Yesterday I unexpectedly smelled a book. I was holding up a book for Eleanor to take a photo of (for school), and to be a little silly I held it right under my nose so my nose might be in the picture, too. It wasn’t in the picture. But I smelled cheap paperback for the first time in a very, very long time. It smelled divine. It instantly took me a million places: elementary school; the Scholastic book fair; days spent loitering on a couch reading dusty, worn out paperbacks from the library; packing and unpacking boxes of books for various moves; dropping books into the bath; dropping books onto my face when I fall asleep reading. I have so many memories of books, because I always like a book close by. It’s comforting to have a book available, and the unspoiled potential of a new book is right up there with life’s top pleasures. I haven’t been able to read as much as I’d like during the last year or so; deep dread and anxiety have wrecked my focus and made it really hard to read in a sustained manner. But I’ve always kept books at hand, just in case.

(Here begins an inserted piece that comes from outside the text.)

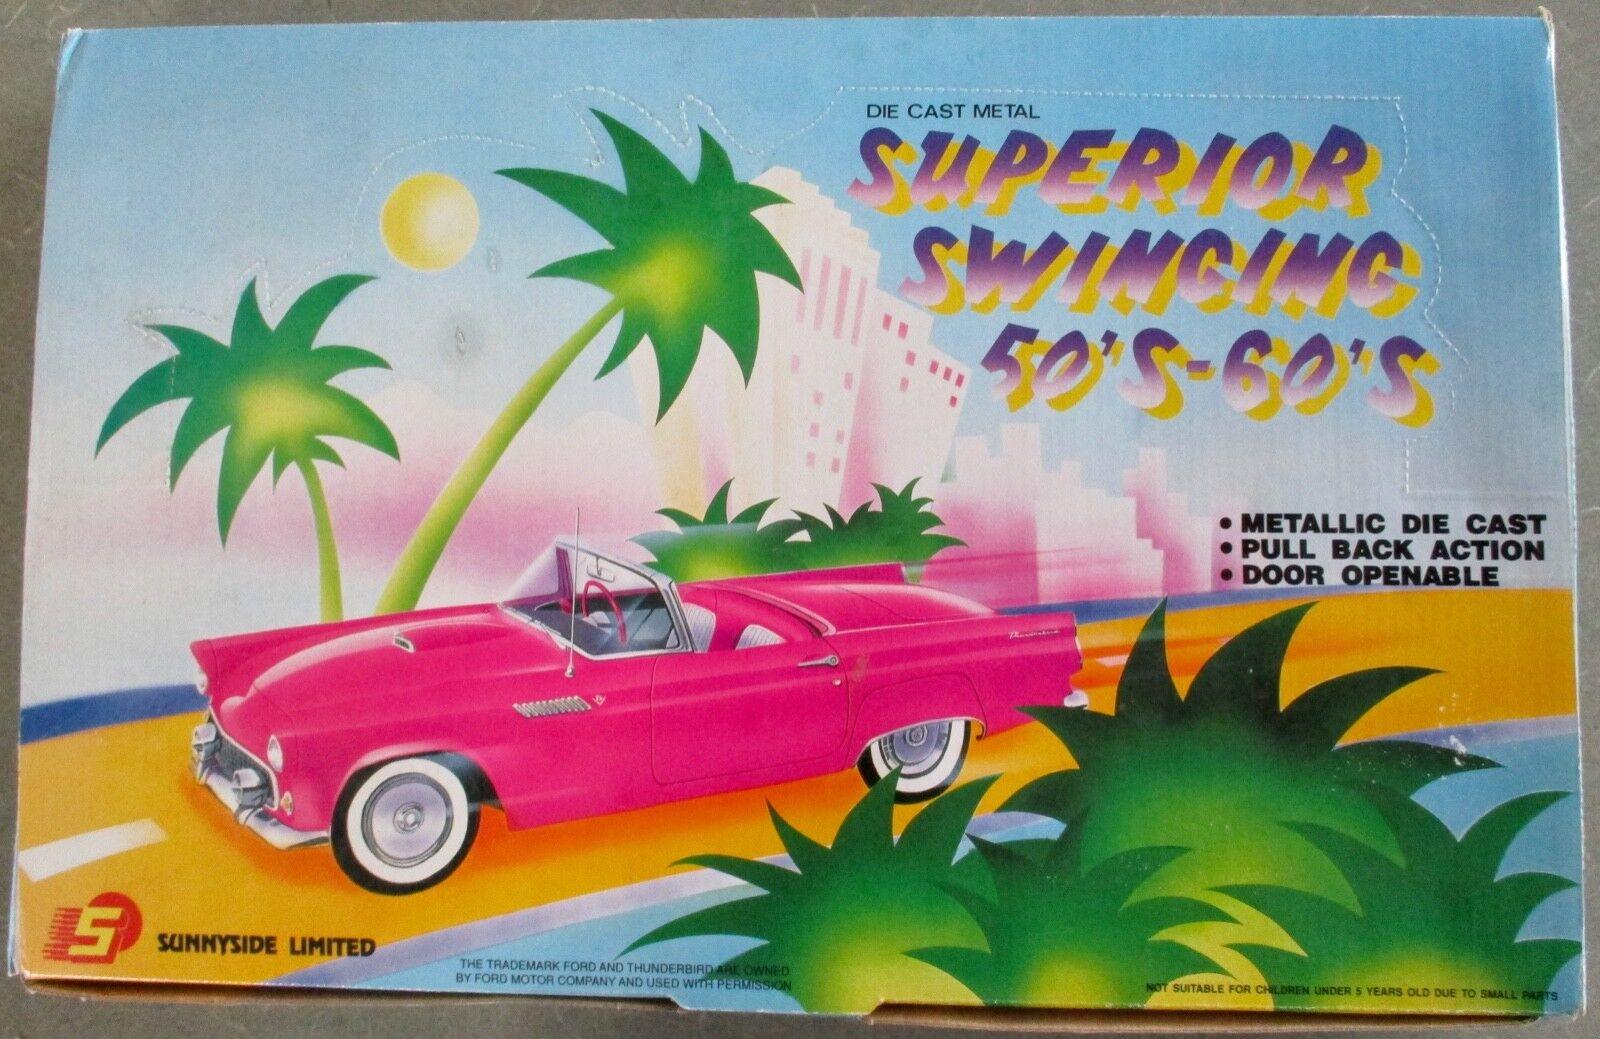 Sunnyside Ltd 12 Superior Swinging 50's-60's die cast metal cars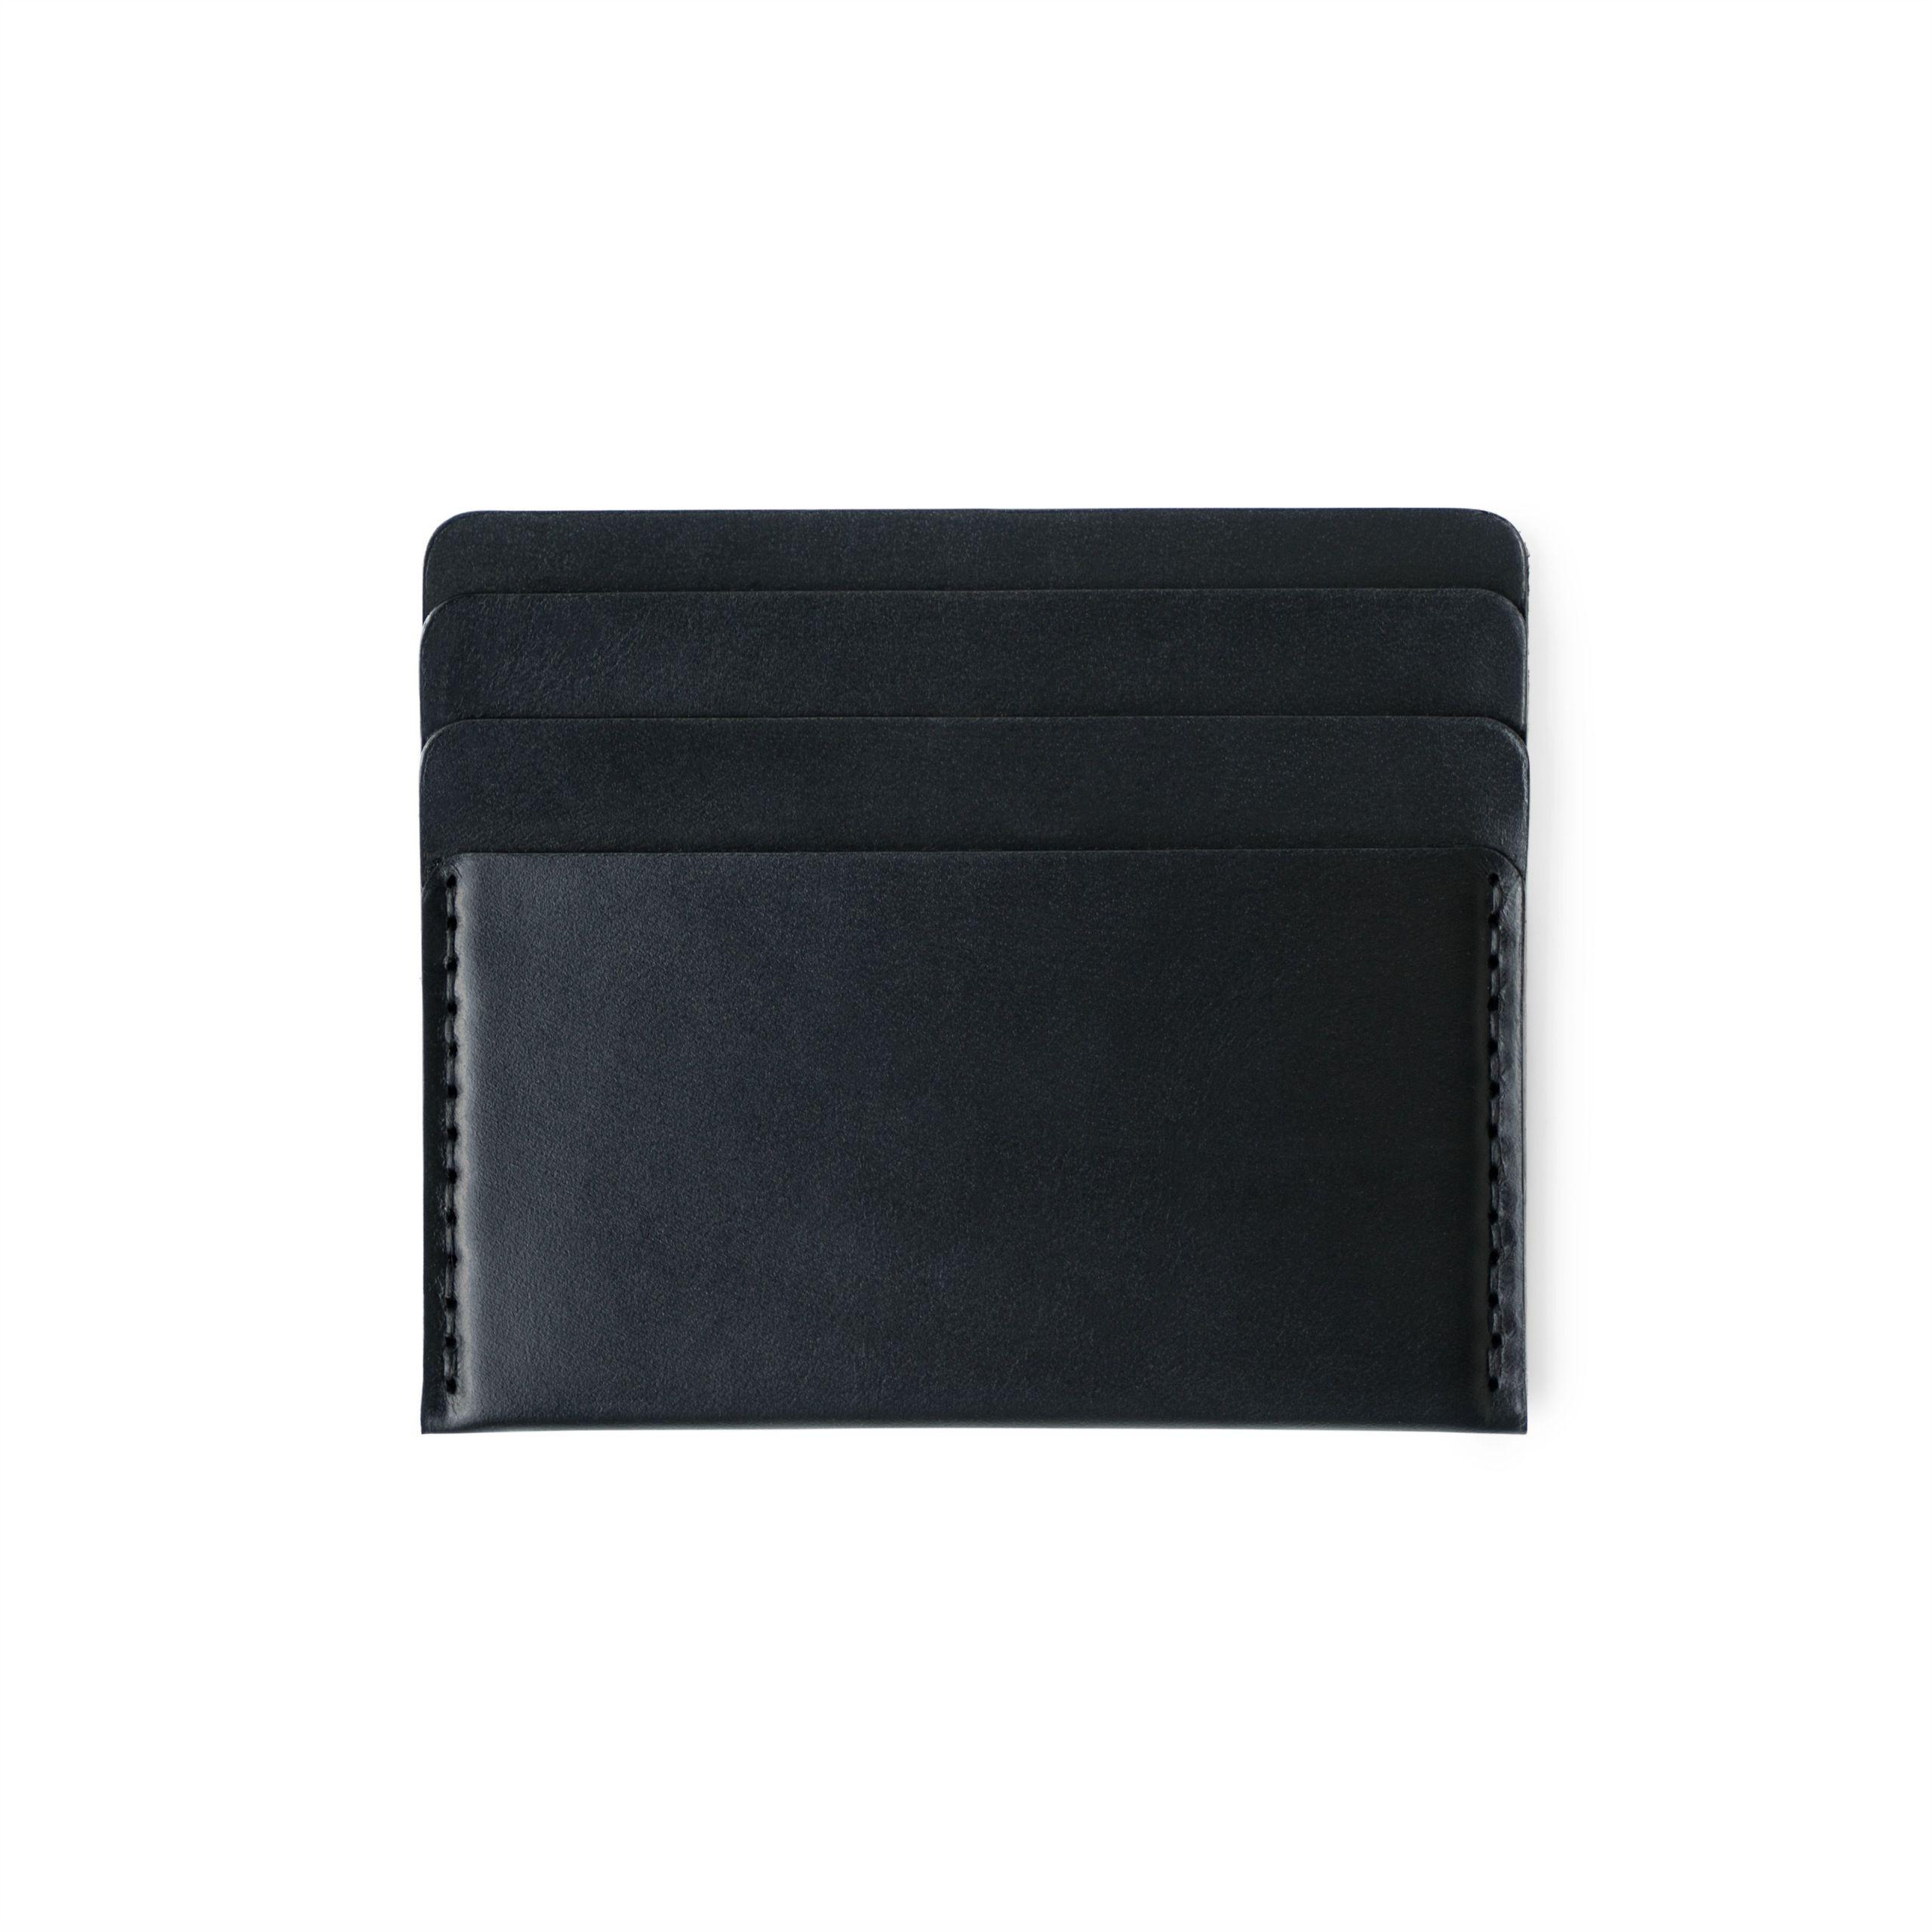 Cascade Wallet   Black Essex Horween Leather

It hit me hard yesterday how much I actually do miss holding a book and touching it (two different things). Who among us hasn’t gently trailed a few fingers across the page to feel the tooth of the paper? To see if the ink feels raised or not? How exciting to feel those little tactile clues! Who here hasn’t stroked a cover to feel the matte of the paper, or the tug of a sueded cover against your fingertips? I, for one, am happily guilty. The fact that a book can also delight, confuzzle, excite, enlight, enrage, and lead us on adventures is an additional gift. How many non-harmful things can we experience on an emotional, mental, and tactile level, like we can a book?
This post isn’t just about books, though. It’s about all the things in our (specifically my) life that are better for being fully experienced. Art ranks highly here for me. Food as well. I know you’re not supposed to touch art in museums and such (most of the time), but being able to touch impasto paint or the brittle of a varnished oil painting is beautiful and rare each time. Taking a bite of flaky pastry or seeing the sagging ephemeral dome of a perfectly poached egg the moment before devouring is single moment of luxury.
I don’t know about you, but I ruin nearly every manicure I get, because I cannot resist touching the varnish before it’s dry. It looks so tempting. And once it’s fully dry it’s so delightfully slick, like polished glass. If you have never painted your nails and engaged in the secret joy of sliding your fingers over your nails, you are missing out on tiny, achievable euphoria.
I have flowers on my desk that are well and truly dead, but I can’t bring myself to throw them away because even in decay they still smell like roses and catching that scent at random is a balm. We have a tomato plant on our back deck, and I love moving it to water it each day. The sharp, aggressive scent of the plant takes no prisoners and slays me anew each time. I love it.
Have you ever felt the soft teaspoons of air that a small animal puffs out with each breath? Or, for that matter, a small child? Especially while asleep? A very dainty magic.
Being aimlessly adrift for the last year while also highly frantic has had a lot of profound effects on all our lives, some absolutely devastating. A micro loss that I didn’t notice I had lost until I had it again were these near-nugatory tactile sensations. They were so close to unimportant as to be vital, as it turns out. How do you rate a trifling touch, especially if you don’t even notice when it vanishes? I suppose one measure is by the volume of delight when you notice it anew. Go out and feel something and remember.